Similarity match. For that you need to understand reflexively how you think and write.
It's a fun test to give a person something they have written but do not remember. Most people can still spot it.
It's easier with images though. Especially a mirror.
For DallE, the test would be if it can discern its own work from human generated image.
Especially of you give it an imaginative task like drawing a representation of itself.
Well, I'm too lazy to look up how many weavers were displaced back then and that's why I said a lot. Maybe all of them, since they weren't trained to operate the new machines.
Anyway, sorry for a digression, my point is LLM replacing white collar workers doesn't necessarily imply it's generally intelligent -- it may but doesn't have to be.
Although if it gets to a point where companies are running dark office buildings (by analogy with dark factories) -- yes, it's AGI by then.
This is actually how a supreme court justice defined the test for obscenity.

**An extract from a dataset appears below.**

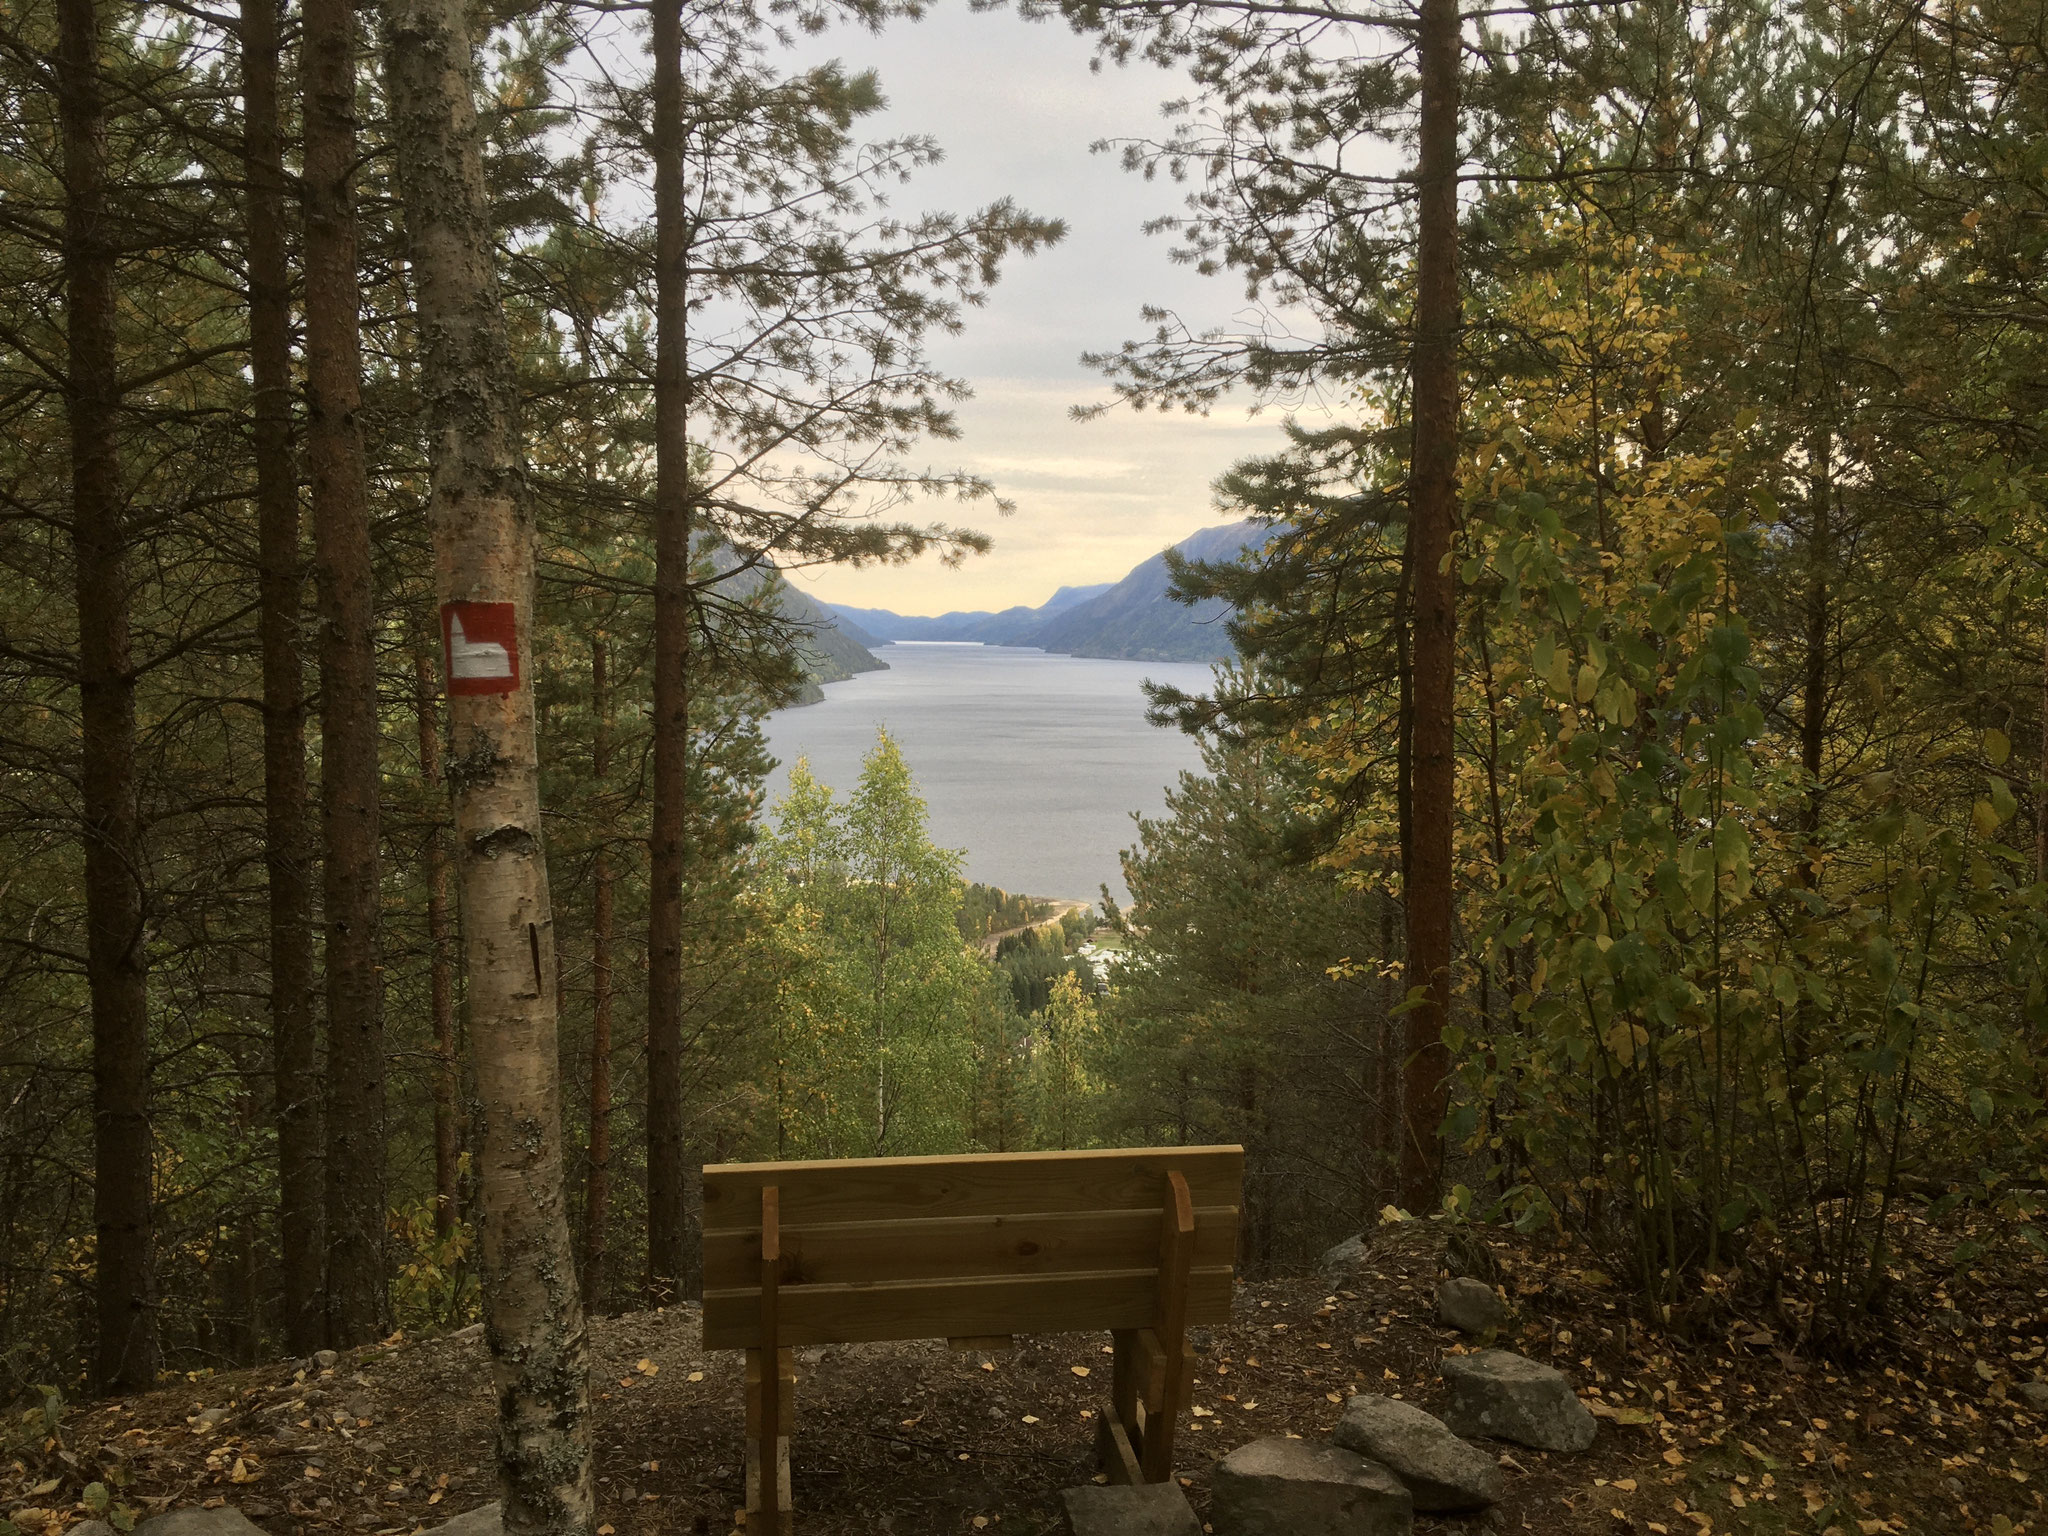 Immer wieder ergibt sich eine tolle Aussicht über den Tinnsjø

> The phrase "I know it when I see it" was used in 1964 by United States Supreme Court Justice Potter Stewart to describe his threshold test for obscenity in Jacobellis v. Ohio
The reason why it's so famous though (and why some people tend to use it in a tongue in cheek manner) is because "you know it when you see it" is a hilariously unhelpful and capricious threshold, especially when coming from the Supreme Court. For rights which are so vital to the fabric of the country, the Supreme Court recommending we hinge free speech on—essentially—unquantifiable vibes is equal parts bizarre and out of character.
my 2c on this is that if you interact with any current llm enough you can mentally 'place' its behavior and responses. when we truly have AGI+/ASI my guess is that it will be like that old adage of blind men feeling & describing an elephant for the first time. we just wont be able to fully understand its responses. it would always be something left hanging and then eventually we'll just stop trying. that would be time when the exponential improvement really kicks in.
it should suffice to say we are nowhere near that and I dont even believe LLMs are the right architecture for that.
I agree, but with the caveat that it's getting harder and harder with all the hype / doom cycles and all the goalpost moving that's happening in this space.
IMO if you took gemini2.5 / claude / o3 and showed it to people from ten / twenty years ago, they'd say that it is unmistakably AGI.